In a second step, the ~0 K formation enthalpies of AB₂O₄ compounds were estimated based on pressure-dependent total ionization energies and correlated with the thermodynamic volumes calculated from the relations between ionic and molar volumes. The functional relations provide phase transformation sequences at 0 K, which, however, largely overestimate the transformation pressures for most of the transitions based on interpolated empirical boundaries. While such extremely simple energy-calculations are not expected to provide accurate pressures or compete with more sophisticated computations, the present findings discourage hopes of finding a computationally cheap predictive tool that provides both volumes and plausible structures for any given oxide composition and pressure (density functional theory requires realistic volumes and structures as input, genetic algorithms require volumes).
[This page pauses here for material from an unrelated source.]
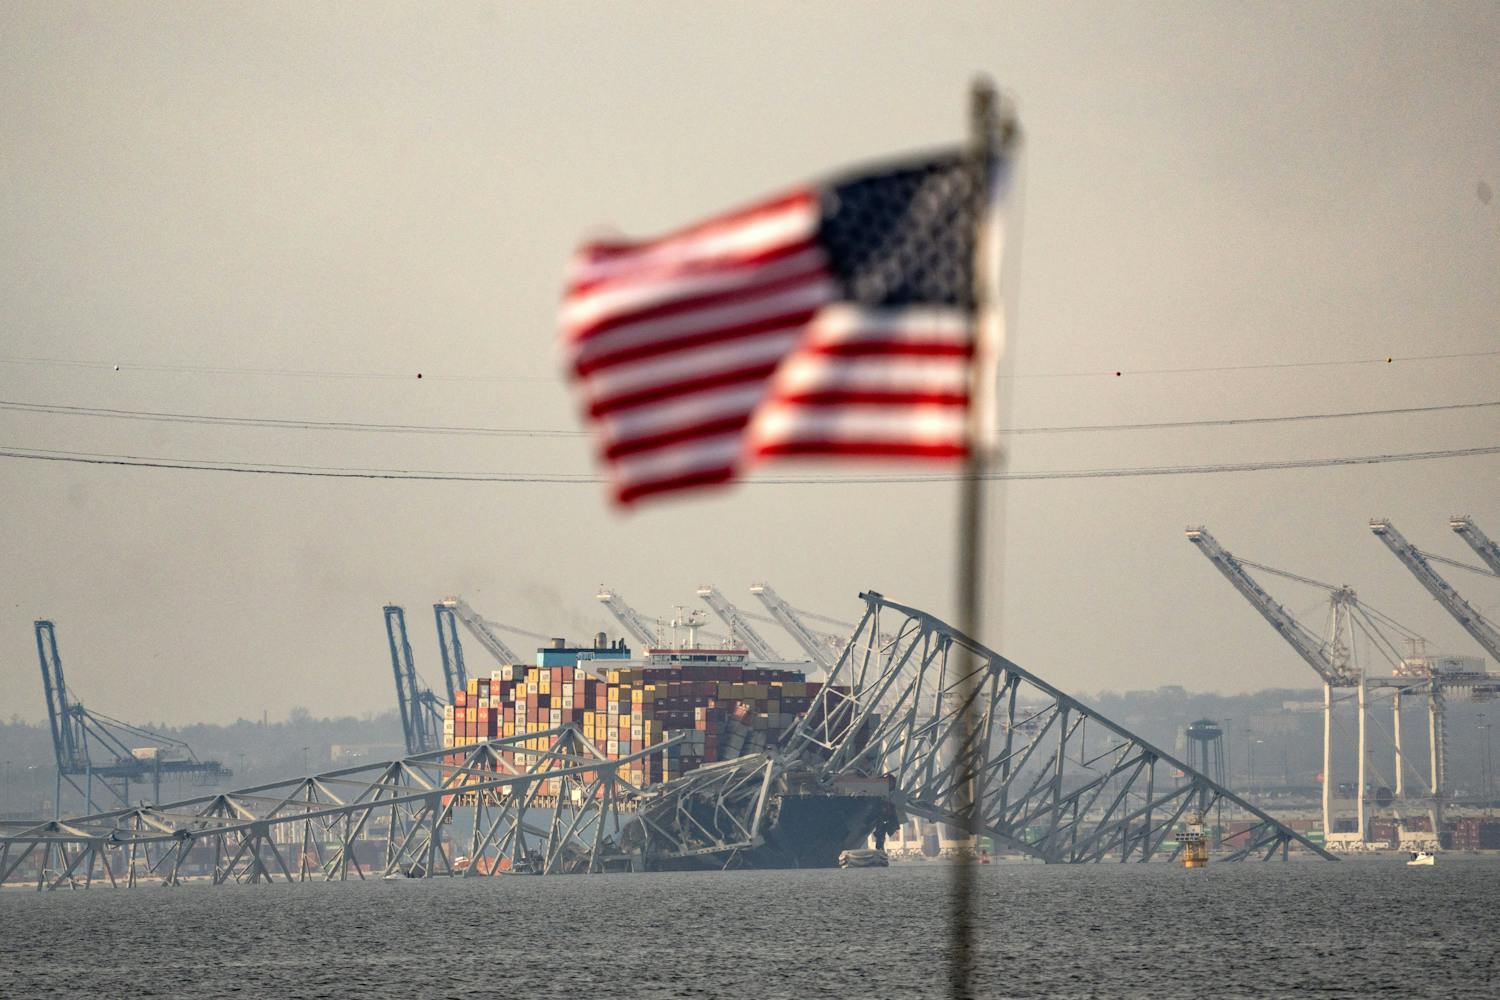 The collapse of the Baltimore Bridge has affected the US economy

The ratios of the ionic radii of spinels and their postspinel dimorphs relate to the total nuclear charge number Σ_i n_iZ_i in an interesting way, suggesting that those ratios are never beyond certain bounds for a given Σ_i n_iZ_i. It is proposed that this relation, as well as the molar–ionic volume relations for postspinels, serve as constraints for volume assessments of initial structure models in structure analyses, although specific instances that shift the volumes beyond those limits, such as the onset of disorder in weakly metastable phases, must be considered.

Thus, the present results show that, within uncertainties in the 10%–20% range, thermodynamic volumes can be constrained based on ionic volumes only and provide structure-related measures of spatially averaged bond ionicity. Hence, the ‘ionic volume’ concept can serve towards establishing a taxonomy of structures according to their bond character.